Concluso il negoziato

Alitalia, intesa con Ue: Ita decolla il 15 ottobre con 2.800 dipendenti e 52 aerei. Ora aumento di capitale

In mattinata il Governo ha trovato l’intesa con la Commissione europea per il decollo di Ita, la nuova Alitalia

di Redazione Finanza

Alitalia, intesa con la Ue: Ita decolla il 15 ottobre, biglietti in vendita da agosto

5' di lettura

«Si è conclusa positivamente la discussione con la Commissione Europea sulla costituzione di Italia Trasporto Aereo (ITA). La nuova società sarà pienamente operativa a partire dal prossimo 15 ottobre, data in cui è previsto il decollo dei primi voli». Lo rende noto un comunicato del Ministero dell’Economia confermando quanto anticipato da Radiocor. L’intesa è stata raggiunta nella mattinata del 15 luglio, poche ore dopo il Cda di ITA ha approvato il nuovo piano industriale fino al 2025 che recepisce i rilievi della Commissione europea.

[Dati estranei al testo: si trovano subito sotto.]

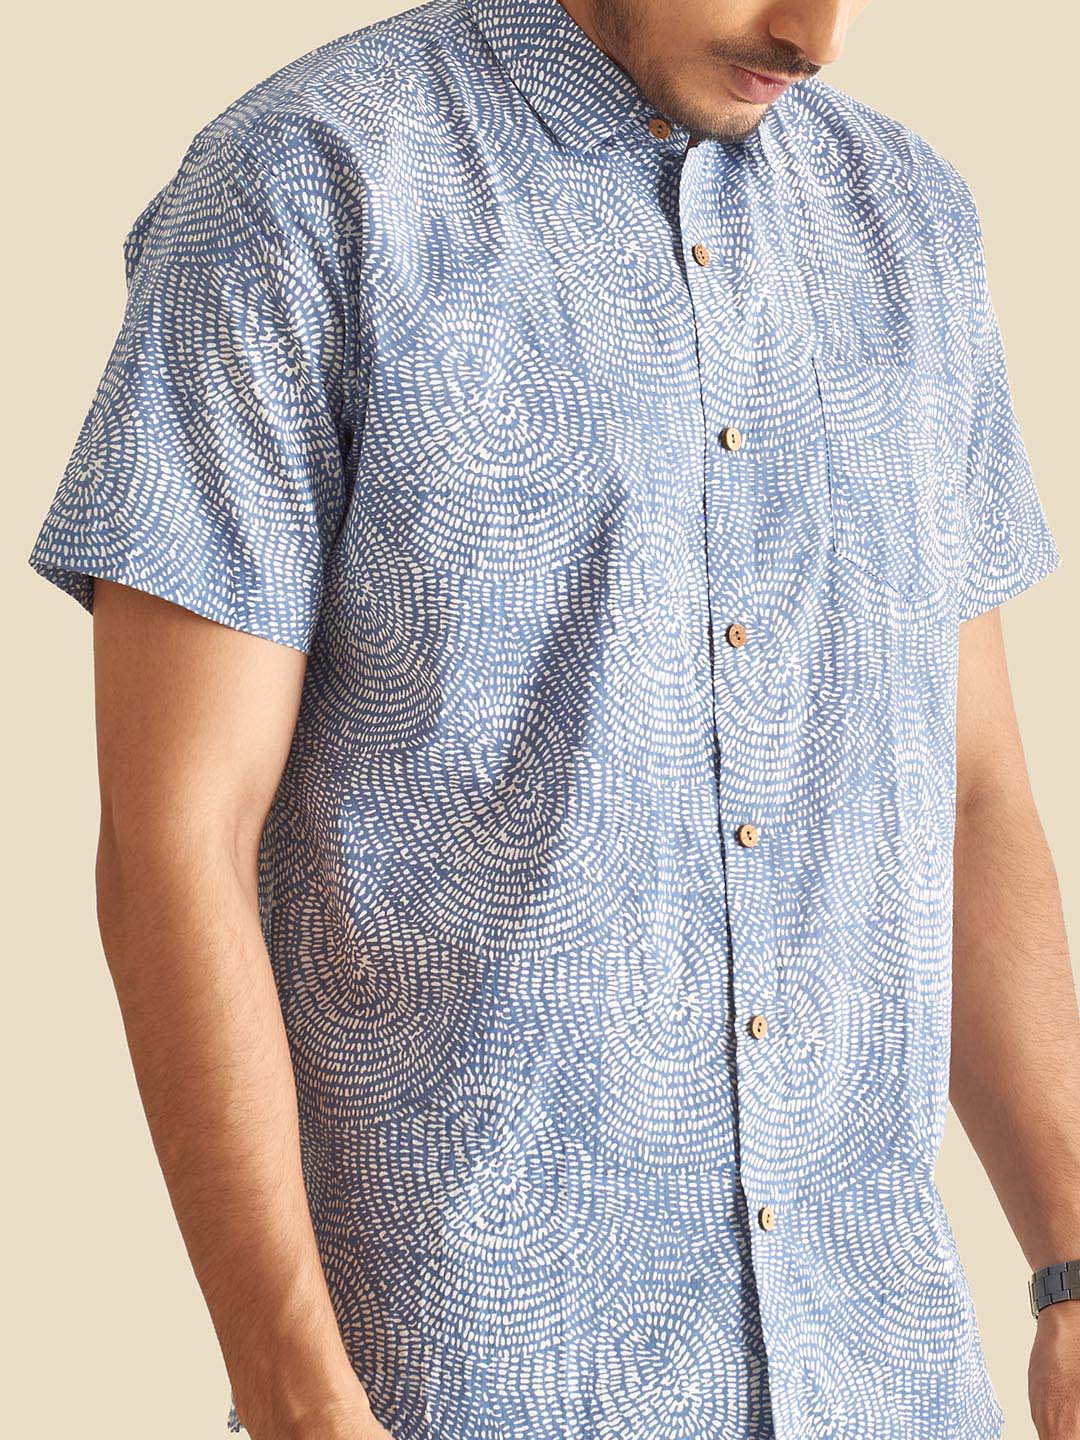 Blue Abstract Circles Printed Halfsleeves Cotton Shirt

La discussione con la Commissione Europea su ITA, afferma il Mef, «ha consentito di giungere ad una soluzione costruttiva ed equilibrata, che garantisce la discontinuità necessaria al rispetto della normativa europea. L’esito positivo dell’interlocuzione con gli uffici della Commissione - sottolinea il ministero dell’Economia - consente di avviare le procedure relative all’aumento di capitale di ITA e crea le condizioni per la firma del Memorandum d’intesa per il passaggio di determinate attività da Alitalia a ITA».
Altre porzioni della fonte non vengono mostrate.